# Sheepshead Spawn Continues



## Impulse Fishing (Apr 19, 2013)

Friday and Saturday was a 2 day trip with guys from Crestview, Florida. Justin Welch, his dad Robert, uncle David, and brother in law Scott. It was a rough start to the day on the search for speckled trout. We made a thorough hunt around Timbalier Island circling the island through and through with not a bite to be found. After I decided it wasn't meant to be we headed south to where the sheepshead are spawning and they were piled up around the rigs. The first rig we came to we boated 30 heads and the guys wanted to keep catching. The next rig was loaded with them and we had 4 at a time coming in until every empty box in the Blue Wave was full. My counter showed 92. The next day the guys wanted to hunt for bull reds.

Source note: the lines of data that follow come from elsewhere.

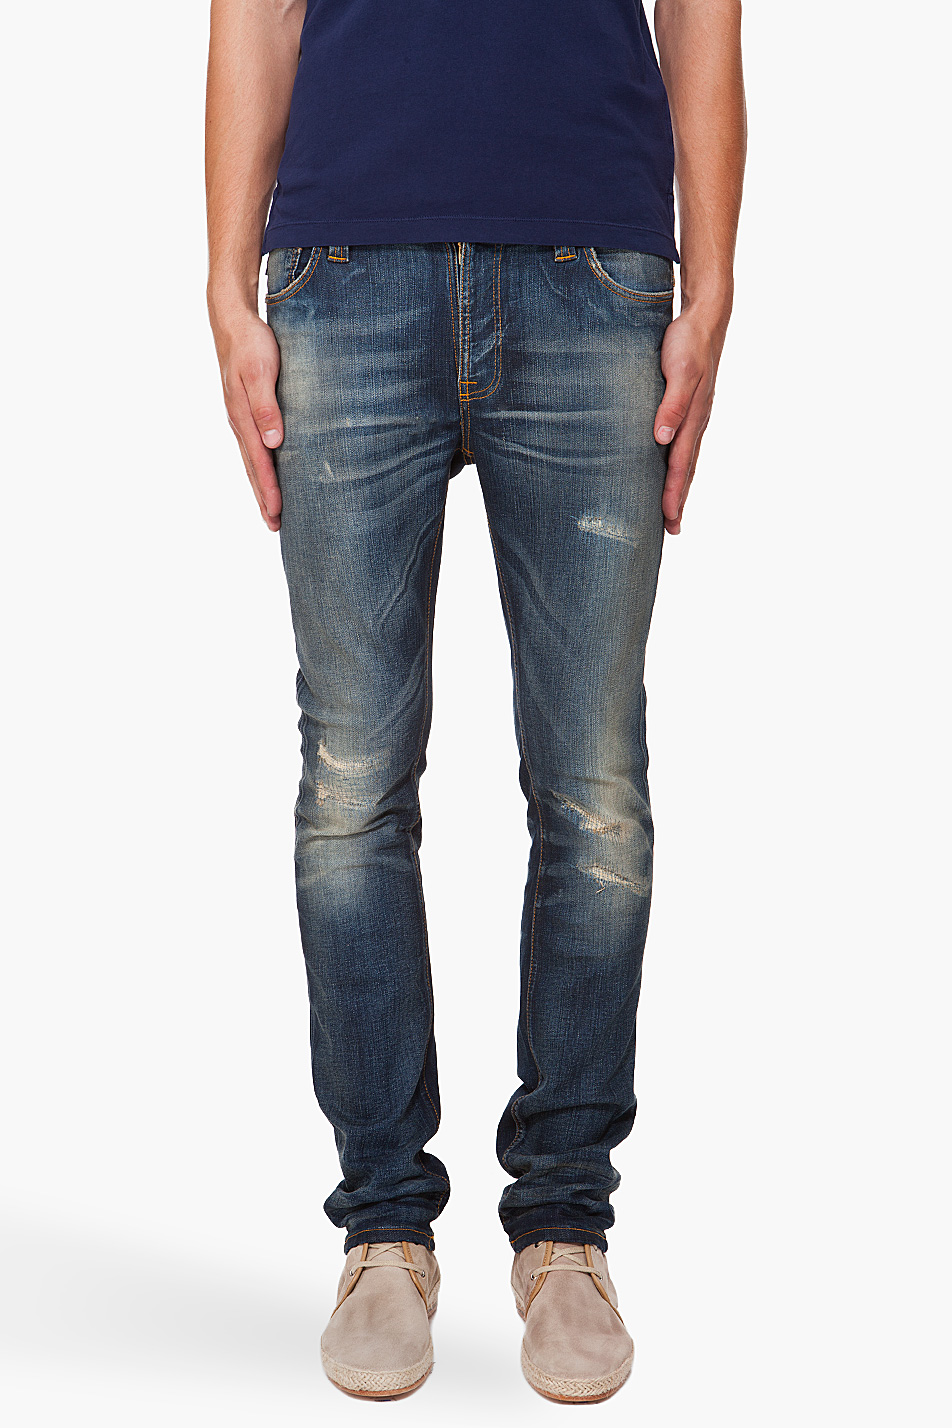 Lyst Nudie Jeans Thin Finn Peter Replica Blue In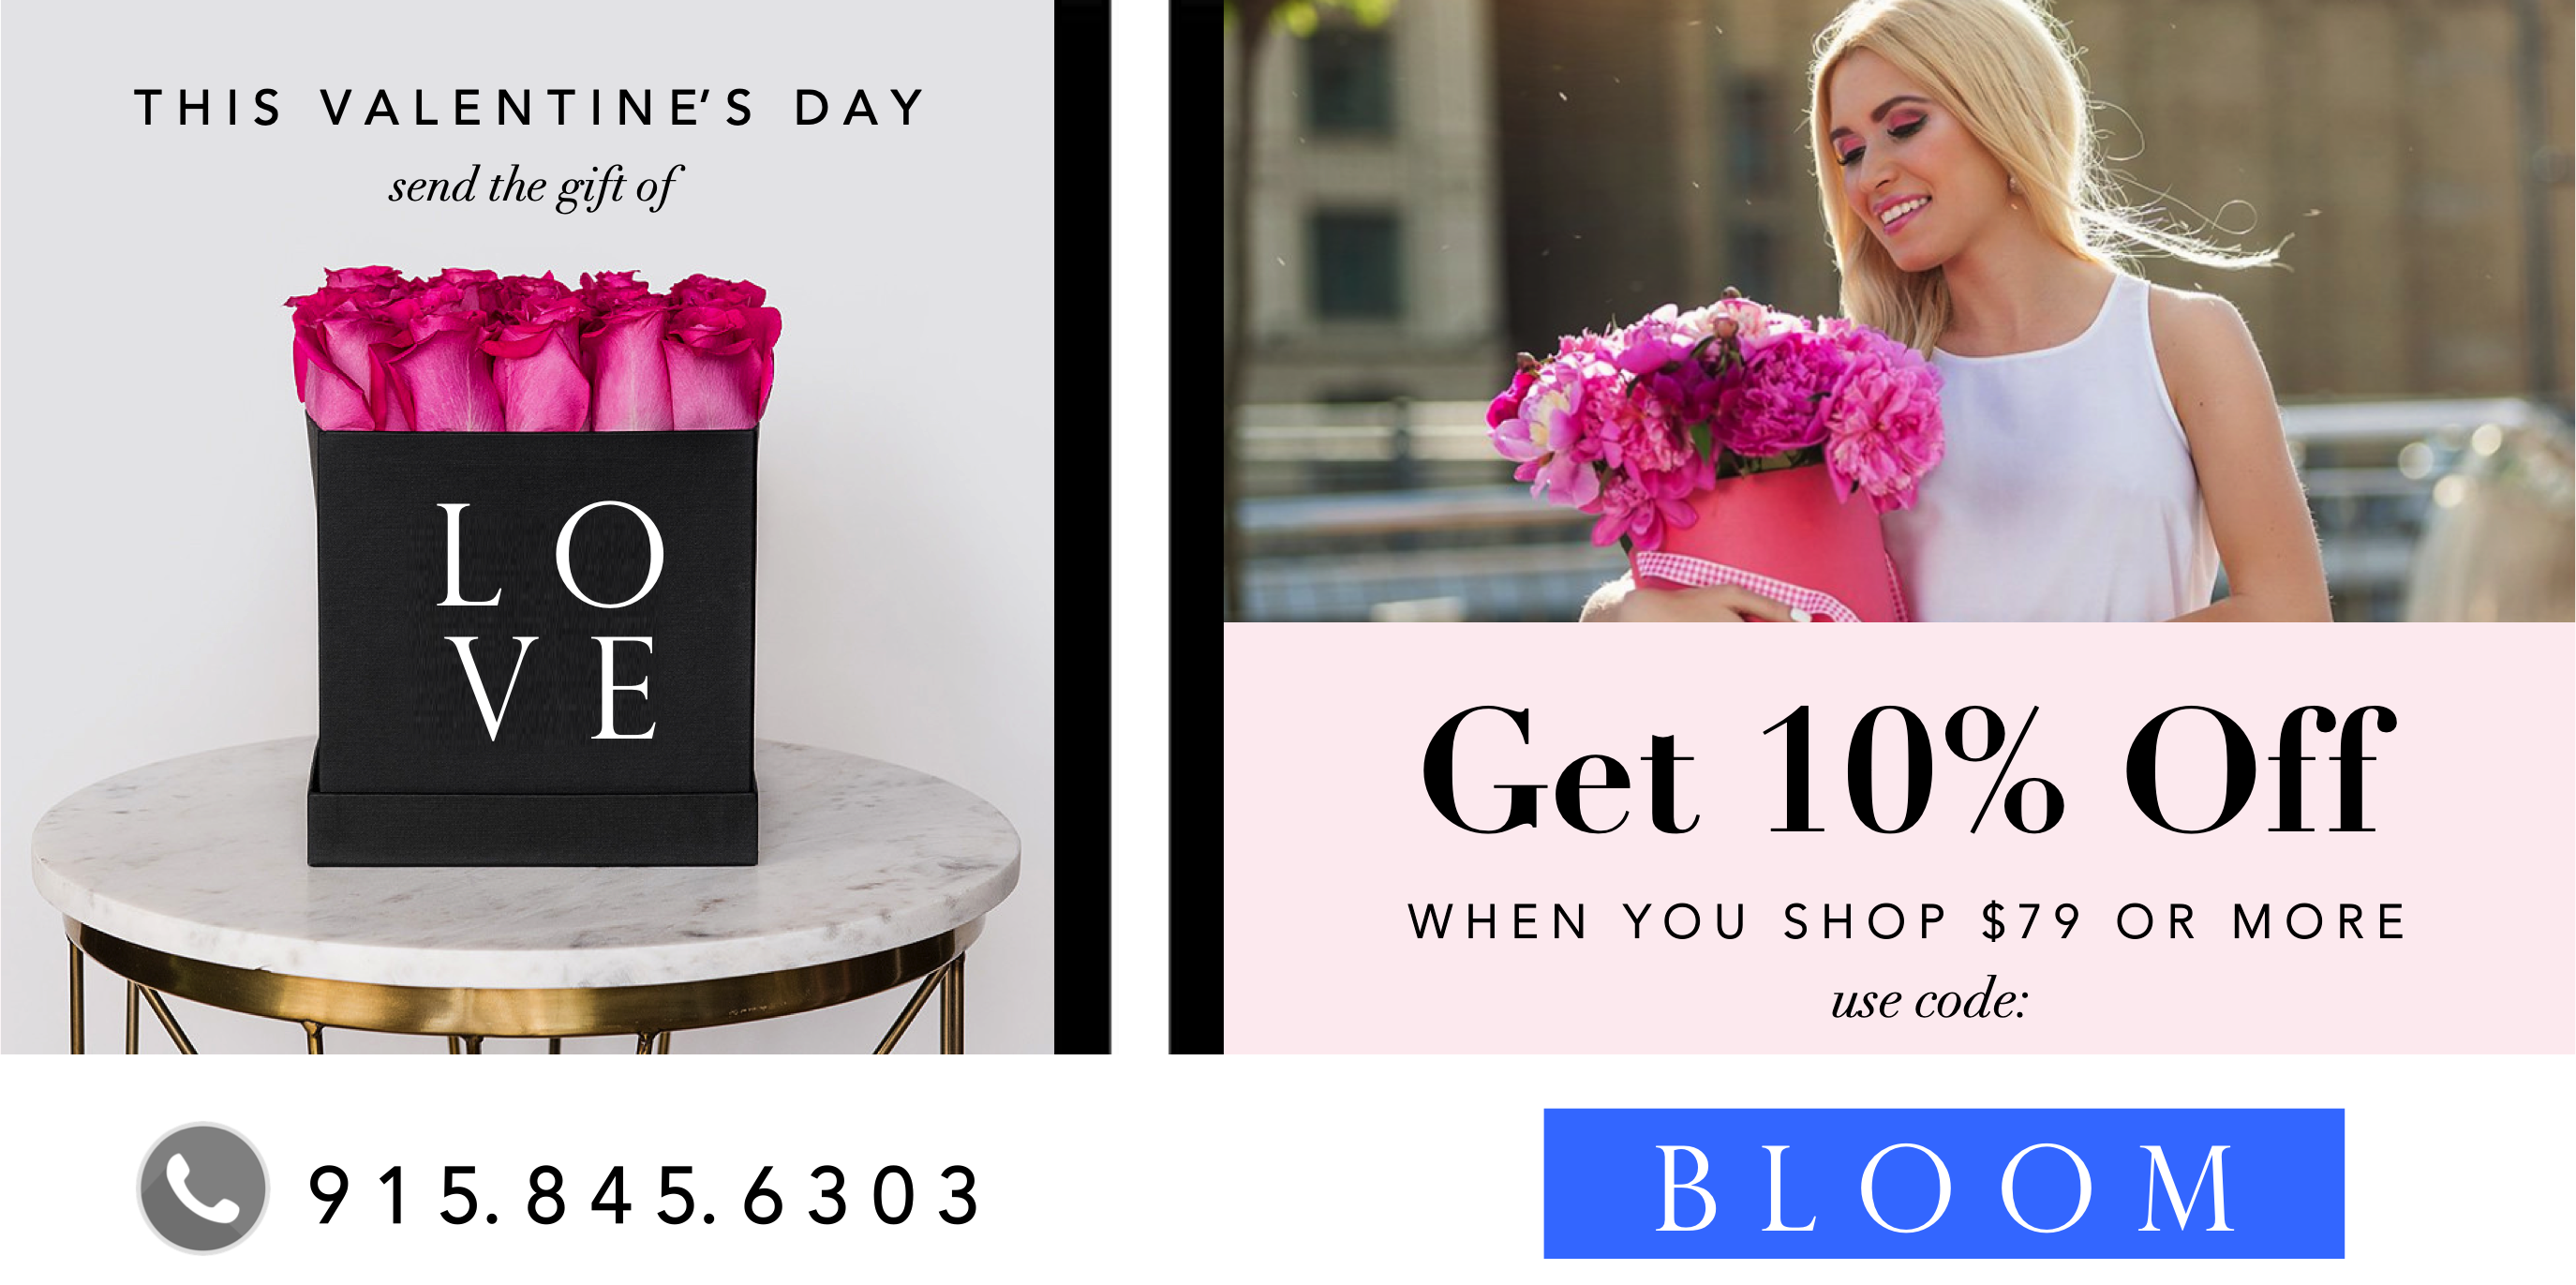 0010-hi-valentine-s-day-flowers-1-2019angies-floral-designs-el-paso-florist-flowers-valentines-day-flores-de-san-valentine-flores-de-amor-.png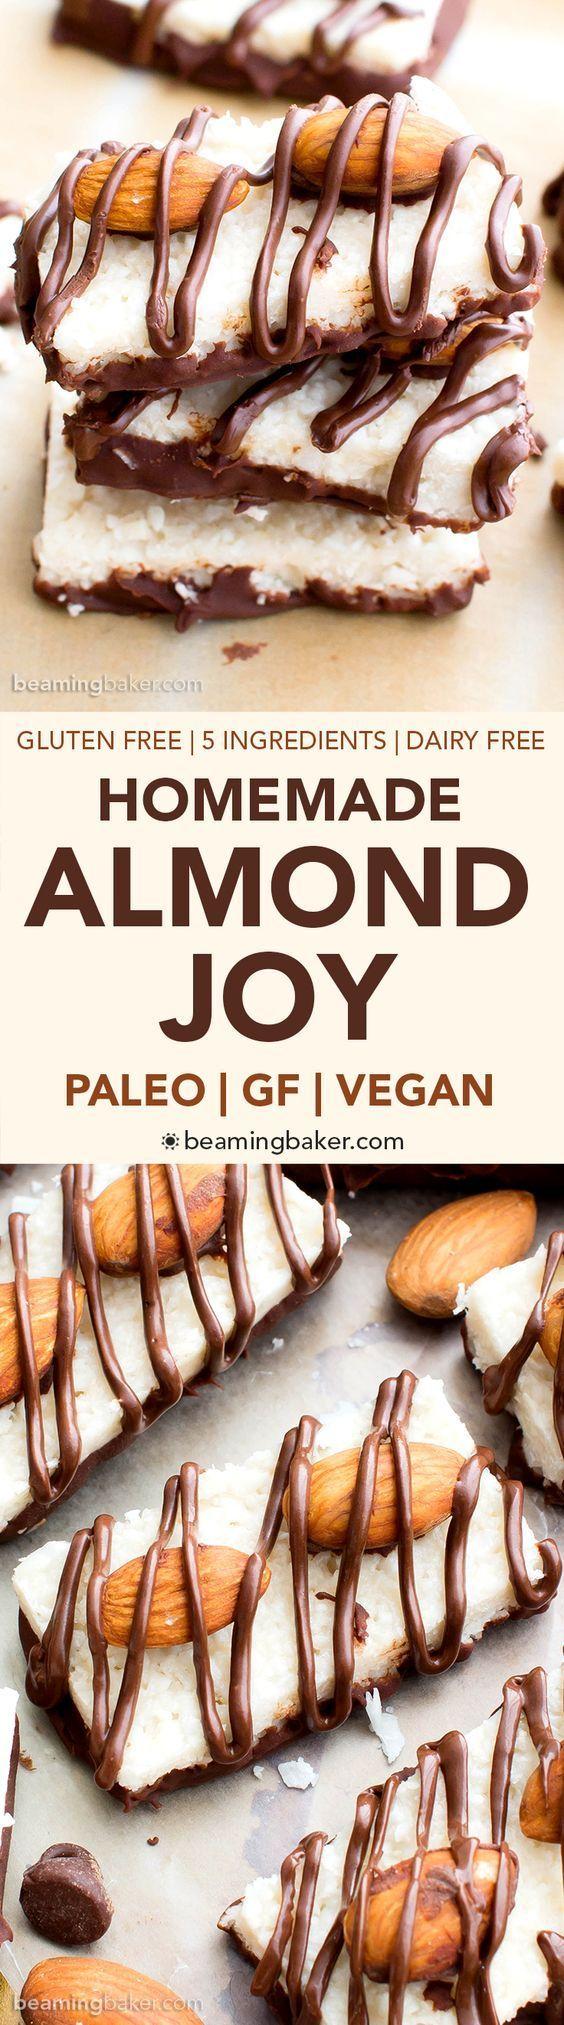 Paleo Almond Joy 5 Ingredient Recipe For Deliciously Satisfying

I searched the coast far and wide at the usual haunts where they are supposed to be this time of year but they haven't shown up yet. At the last stop we got 4 bites and landed 2 then took off for slot reds. The wind was blowing hard from the south and made it nearly impossible to fish the good spots but we gave it enough effort to find 2 lonely slots. Today we have a cold front coming through that certainly won't help the fishing early this week but hopefully its the last and we can get into a consistent spring time weather pattern.

Capt. Rob Dupont
225-776-9820
www.impulsefishingcharters.com


----------



## Calmday (Jul 7, 2005)

I was wandering how you could keep so many sheepies but then I saw that you were fishing out of Louisiana. Nice meat haul.


----------